Expression of Anthoceros agrestis HCT6 in Escherichia coli and characterization of hydroxycinnamoyltransferase activity

The full-length coding sequence of AaHCT6 with an N-terminally attached His-tag was ligated into the expression vector pET-15b and introduced into E. coli SoluBL21 for expression. The crude protein extract contained enzymatically active hydroxycinnamoyltransferases which did not appear in protein extracts from E. coli carrying the empty pET-15b vector. Thus, hydroxycinnamoyltransferase activity was assigned to the transgene. Unfortunately, attempts to purify the His-tagged protein by metal-chelate chromato-graphy resulted in almost complete loss of activity (an observation that was made for several different BAHD acyltransferases) and therefore the characterization experiments were performed with crude protein extracts. However, Western blot analyses clearly showed the presence of a His-tagged protein with the expected size missing in empty vector controls (Suppl. Fig. S6). First attempts aimed at identifying acceptor substrates using caffeoyl-CoA as hydroxycinnamoyl donor. AaHCT6 readily accepted shikimic acid together with p-coumaroyl-CoA and caffeoyl-CoA forming the respective esters. The identity of the formed p-coumaroylshikimic acid was verified by LC–MS analysis (Fig. 2a, b). Crude protein extracts from empty vector controls did not catalyze product formation (Suppl. Fig. S7). 3-Hydroxyanthranilic acid (but not anthranilic acid) was accepted as well; here, ester as well as amide formation would be possible. To verify the identity of the formed product, LC–MS analyses were performed which firstly indicated the correct mass at m/z 298 [M–H] and secondly displayed the identical retention time as the chemically synthesized p-coumaroyl-3-hydroxyanthranilic acid which was proven to be the amide (Fig. 2c, d). Ester formation was moreover observed with p-coumaroyl-CoA or caffeoyl-CoA and 2,3-dihydroxybenzoic acid (Fig. 2e, f). In total, we have tested 55 putative acceptor substrates (see Suppl. Table S4), among them 4-hydroxyphenyllactic acid and quinic acid, but only the above-mentioned three compounds resulted in product formation. The temperature and pH optima were determined with caffeoyl-CoA and shikimic acid to be at 35 °C and pH 7.3, respectively (Suppl. Fig. S8).

Fig. 2
figure 2

LC–MS analysis of p-coumaroylshikimic acid (a UV-chromatogram at 312 nm. b Extracted ion chromatogram (EIC) at m/z 319 [M-H]), p-coumaroyl-3-hydroxyanthranilic acid (c UV-chromatogram at 296 nm. d Extracted ion chromatogram (EIC) at m/z 298 [M-H]) and caffeoyl-2,3-dihydroxybenzoic acid (e UV-chromatogram at 296 nm. f Extracted ion chromatogram (EIC) at m/z 315 [M-H]) formed in enzyme assays by AaHCT6 (black line) and the respective standards (gray dashed line) or assay with reaction time 0 min for 2,3-dihydroxybenzoic acid (gray dashed line)
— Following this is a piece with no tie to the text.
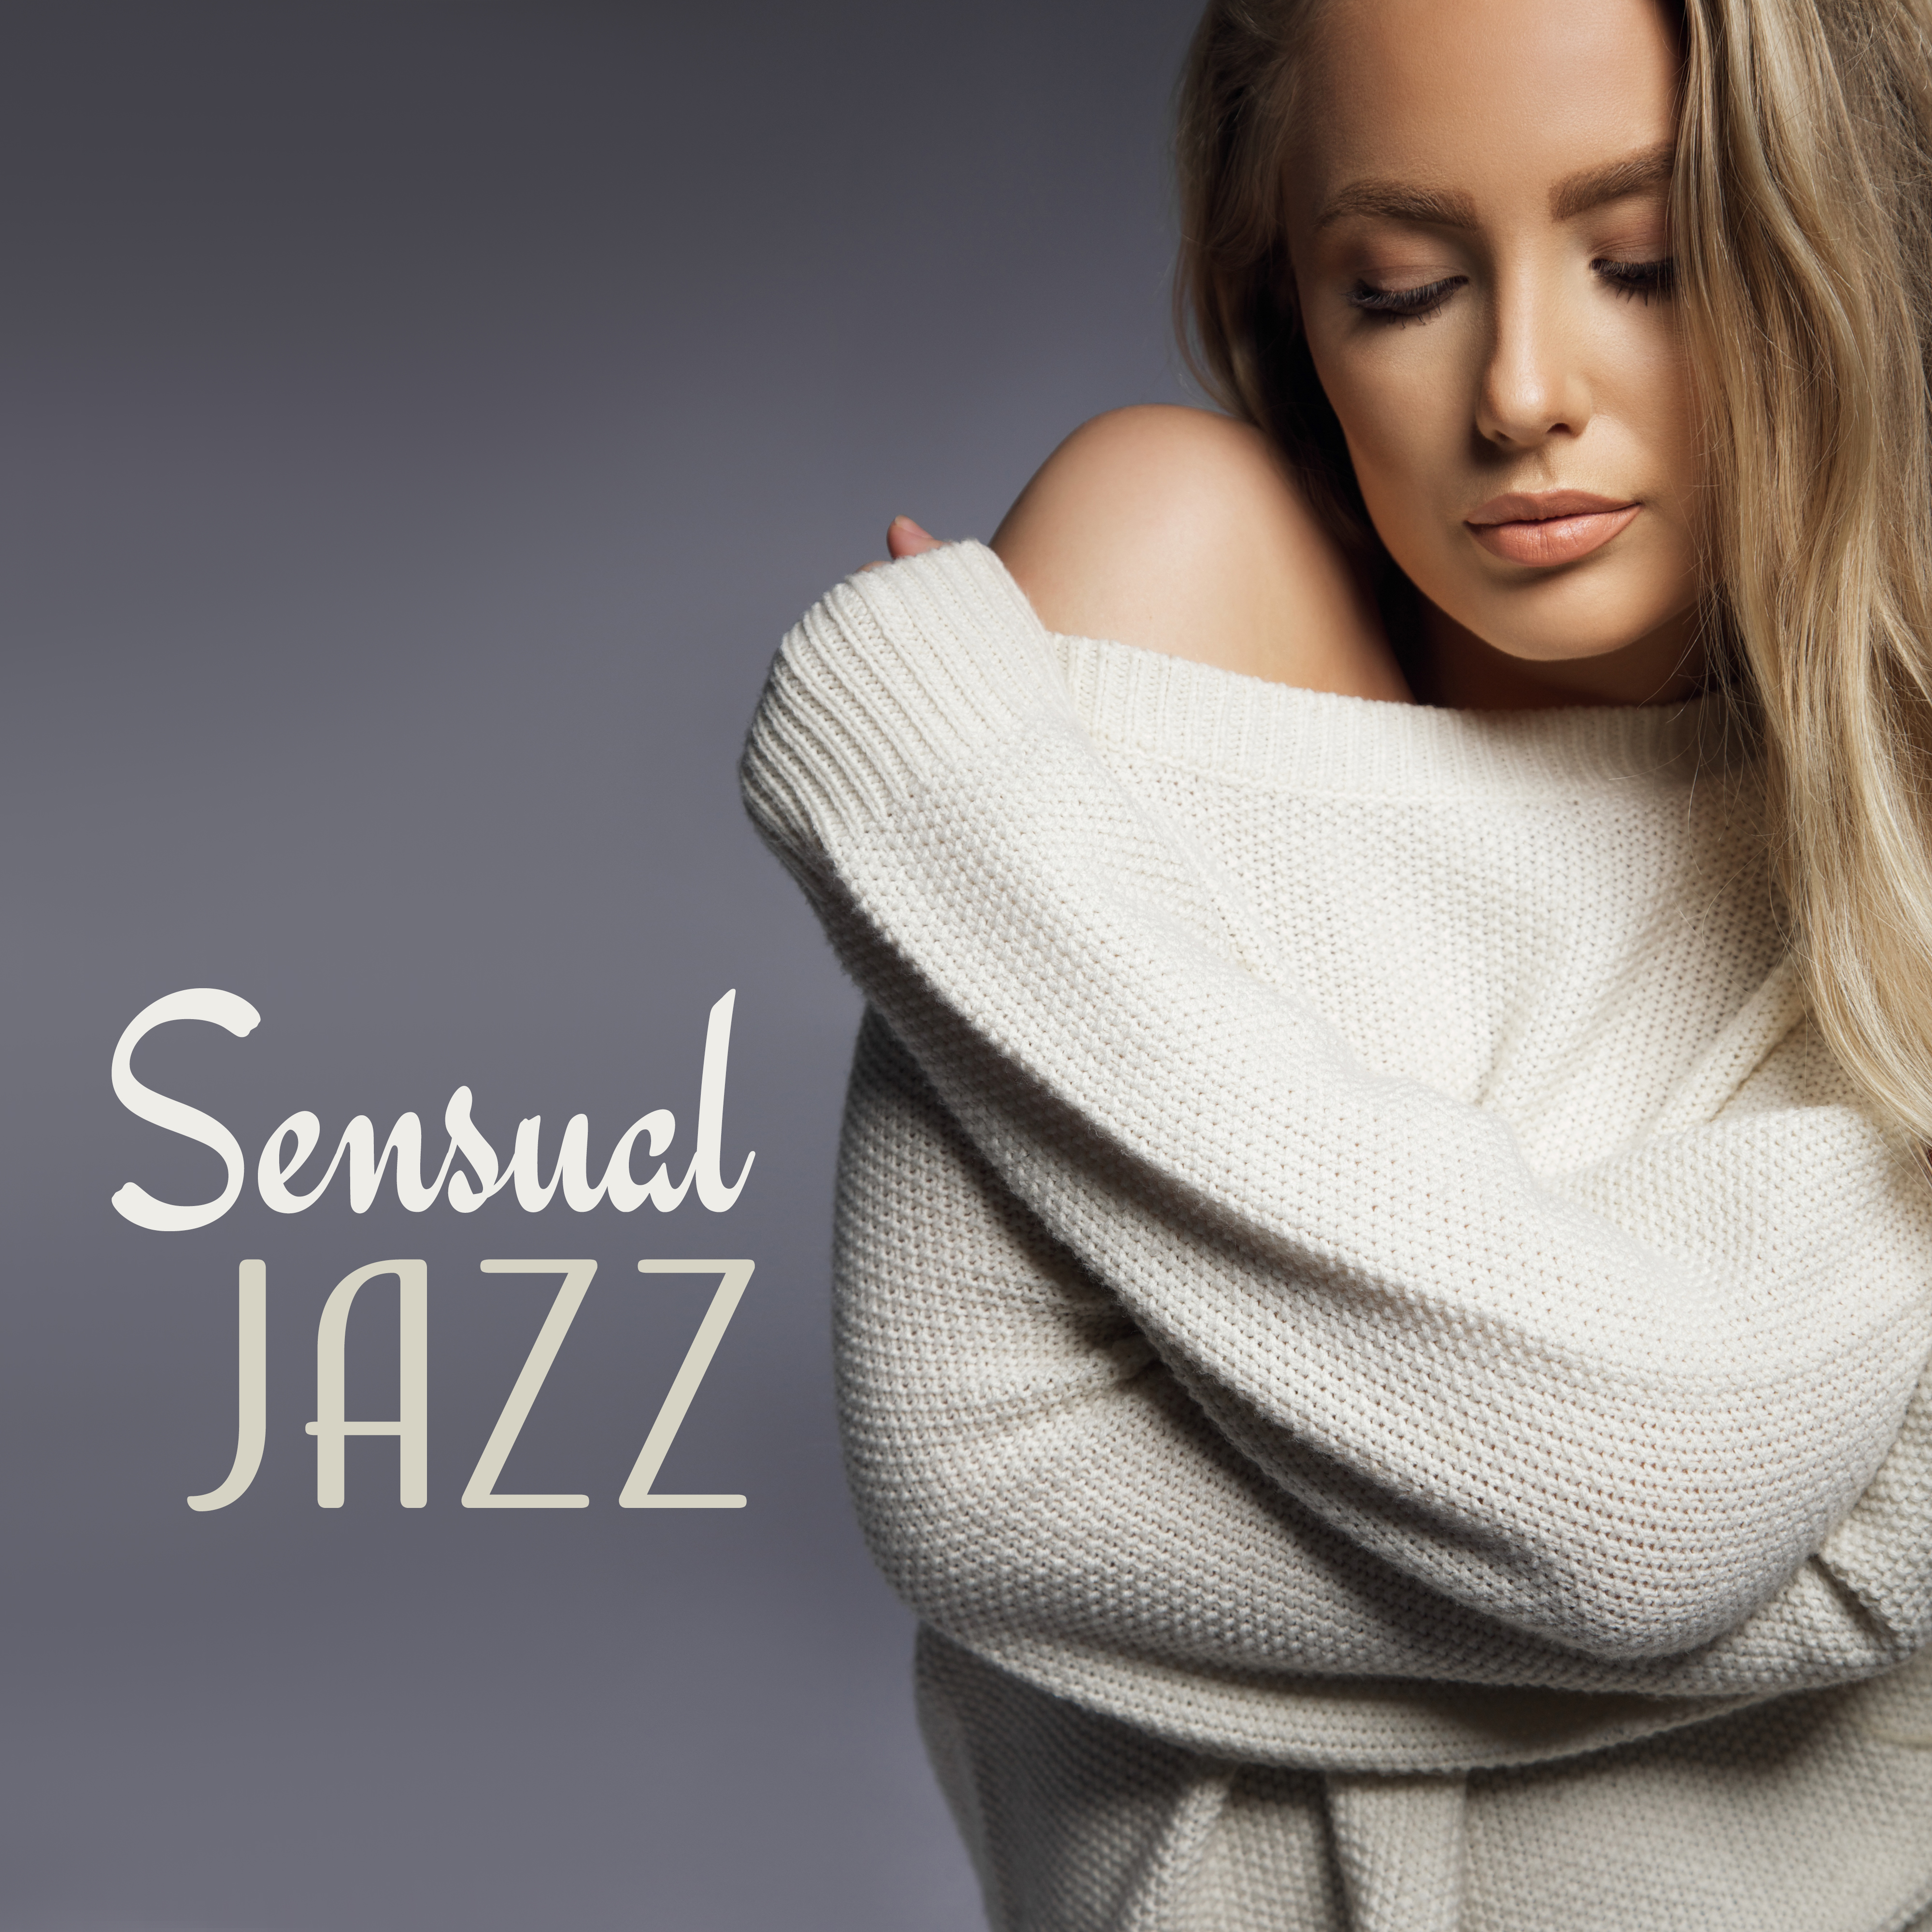 Sensual Jazz  Music, Erotic Dance, Fancy Games, Smooth Jazz for Two, Chilled Time

Kinetic data were determined for shikimic, 3-hydroxyanthranilic and 2,3-dihydroxybenzoic acids together with p-coumaroyl- and caffeoyl-CoA as hydroxycinnamoyl donors (Table 1 and Suppl. Fig. S9 and S10). The highest affinities were determined for p-coumaroyl-CoA as donor substrate (Km 14.4 ± 1.4 µM with shikimic acid, Km 29.3 ± 6.6 µM with 3-hydroxyanthranilic acid), caffeoyl-CoA displayed a slightly higher Km value together with shikimic acid (19.2 ± 16.2 µM), whereas the Km value with 3-hydroxyanthranilic acid was considerably higher (314.4 ± 28.7 µM). Interestingly, caffeoyl-CoA had a higher affinity with 2,3-dihydroxybenzoic acid as acceptor substrate (Km caffeoyl-CoA 171.9 ± 13.2 µM, p-coumaroyl-CoA 388.7 ± 44.1 µM). Shikimic acid was accepted with a remarkably higher affinity than 3-hydroxyanthranilic acid and 2,3-dihydroxybenzoic acid, especially together with p-coumaroyl-CoA as donor substrate (Km 24.6 ± 10.4 µM versus 153.1 ± 33.8 µM and 1025.9 ± 59.7 µM, respectively). With caffeoyl-CoA as donor substrate, the Km values were quite high but in the same range (Km 587.0 ± 26.5 µM for shikimic acid, 761.0 ± 74.7 µM for 3-hydroxyanthranilic acid, 686.7 ± 38.3 µM for 2,3-dihydroxybenzoic acid) indicating unfavorable substrate combinations. Since crude protein extracts had to be used for enzyme assays, real turnover numbers could not be calculated.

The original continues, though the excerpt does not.